Introduction to LLM Inference
When you enter a prompt into an AI model, you trigger a complex process known as LLM inference. The model converts your text into numbers, processes them through neural network layers, and returns a response one token at a time. Understanding this mechanism is crucial for anyone looking to optimize AI application performance or costs.
Large Language Models (LLMs) like GPT-4 or Llama are built on the Transformer architecture. Unlike earlier systems that processed text sequentially, Transformers analyze entire sequences in parallel, capturing complex relationships between words thanks to the self-attention mechanism.
Context: Architecture and Tokenization
The fundamental building block of these models is the Transformer layer, consisting of two main components: a self-attention mechanism and a feed-forward neural network. Models stack dozens of these layers to learn deep linguistic patterns. Model size is defined by the number of parameters (weights learned during training) that transform input data.
The Tokenization Process
Before any computation, text must become numbers. Tokenization breaks text into units called tokens. The most common approach, Byte Pair Encoding (BPE), iteratively merges the most frequent character pairs. This allows common words to be represented as single tokens (efficiency) while rare words are broken into sub-units (flexibility).
Technical Note: Tokenization directly impacts costs and latency. Languages other than English may require more tokens to express the same concept, increasing computational load.
Embeddings and Attention Mechanism
Once token IDs are obtained, they are transformed into continuous vectors via an embedding layer. These vectors capture semantic meaning: words with similar meanings will have vectors pointing in similar directions in multidimensional space. Since Transformers do not inherently understand order, positional encodings are added to indicate each token's position in the sequence.
Self-Attention: Query, Key, and Value
The core of LLM inference is the attention calculation. For each token, the model generates three matrices: Query (Q), Key (K), and Value (V). The mechanism calculates how much each token should "attend" to others, allowing the model to understand the global context of the sentence.
Inference Phases: Prefill and Decode
Inference is divided into two distinct phases with opposite computational characteristics:
- Prefill Phase (Compute-Bound): Occurs when you submit the prompt. The model processes all input tokens in parallel. It is GPU-intensive, computing attention matrices for all token pairs simultaneously. This phase determines the Time to First Token (TTFT).
- Decode Phase (Memory-Bound): Begins after the first token is generated. The model produces output autoregressively, one at a time. Here, the GPU spends more time loading data from memory than calculating, as each new token requires comparison with all previous ones.
Optimization: The KV Cache
Without optimization, generating each new token would require recomputing attention for the entire previous sequence. The KV Cache solves this by saving the Key and Value matrices of processed tokens. During generation, the model only computes the Query for the new token and retrieves K and V from the cache.
Although the KV Cache drastically speeds up inference (up to 5x), it carries a high memory (VRAM) cost.
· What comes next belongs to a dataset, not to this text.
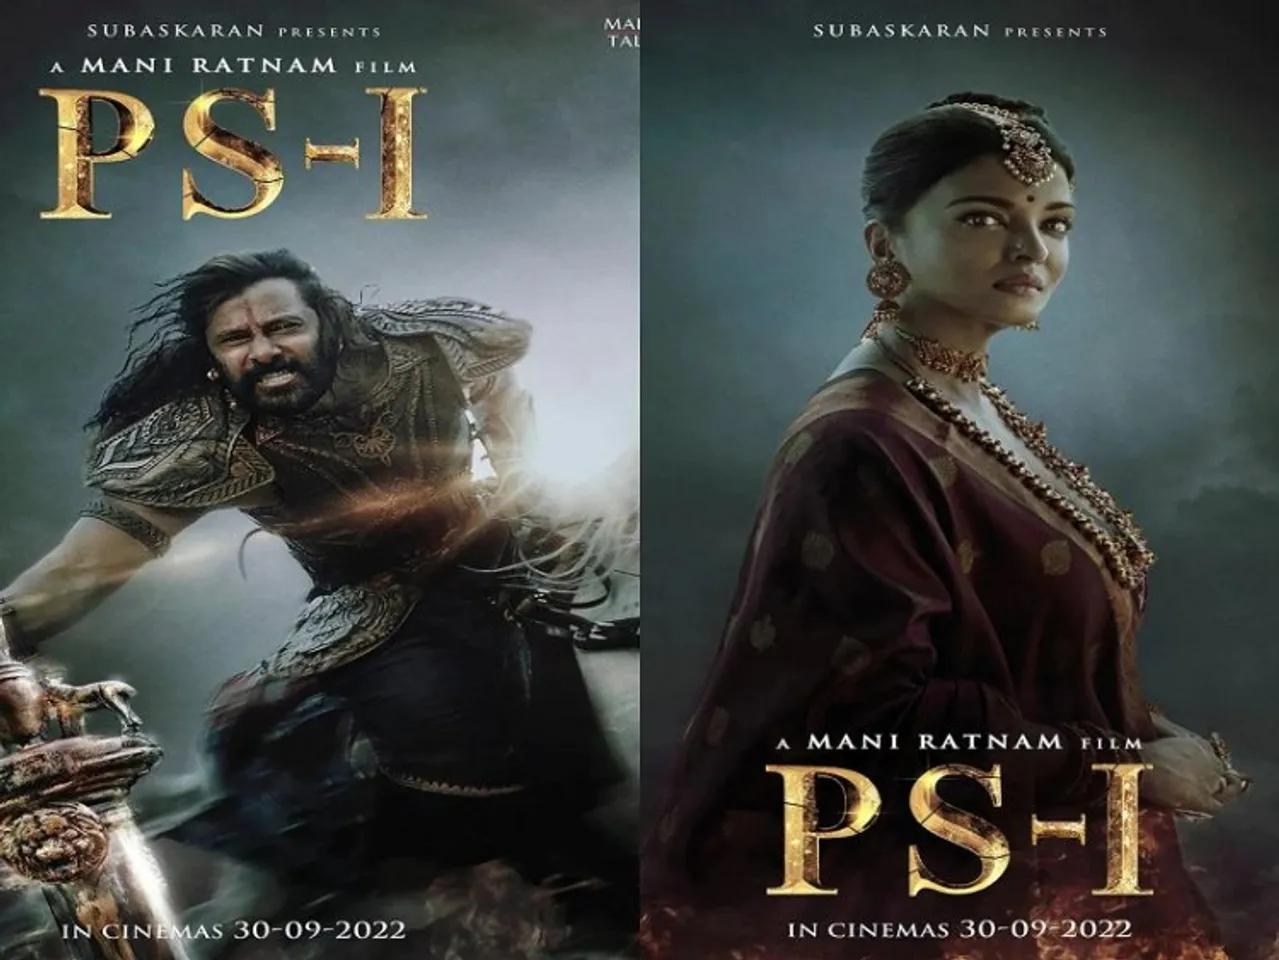 Upcoming movie "Ponniyin Selvan - 1" released new poster of Aishwarya Rai Bachchan.

With long contexts, the cache can occupy gigabytes of space, becoming a critical bottleneck.
Quantization and Performance Metrics
To manage memory requirements, inference often operates at reduced precision. While training uses formats like FP32 or BF16, inference can use FP16, INT8, or even INT4 with minimal quality loss. Quantization reduces memory usage and increases throughput.
Key Metrics to Monitor
- Time to First Token (TTFT): The latency perceived by the user before seeing the start of the response.
- Inter-Token Latency (ITL): The time between generating one token and the next; determines streaming smoothness.
- Throughput: The total number of tokens generated per second, indicating system capacity.
Conclusion
LLM inference is a balance between compute power and memory bandwidth. From initial tokenization to intelligent KV Cache management, every step is optimized to transform number matrices into coherent text. Using advanced serving frameworks like vLLM or TensorRT-LLM and quantization techniques is essential to deploy these technologies efficiently in production.
FAQ
What is LLM inference?
It is the process where a language model processes an input prompt (prefill) and generates a text response (decode) based on learned patterns.
Why is KV Cache important for inference?
The KV Cache stores calculations for previous tokens, avoiding the need to reprocess them for every new token generated, drastically improving speed.
What is the difference between prefill and decode phases?
Prefill processes the entire prompt in parallel and is compute-bound; decode generates one token at a time and is memory-bound.
How does tokenization affect costs?
More tokens mean more calculations and memory. Texts in languages other than English may generate more tokens, increasing costs and latency.
What does Time to First Token (TTFT) indicate?
It measures the time between sending the request and seeing the first token of the response; it is crucial for perceived responsiveness.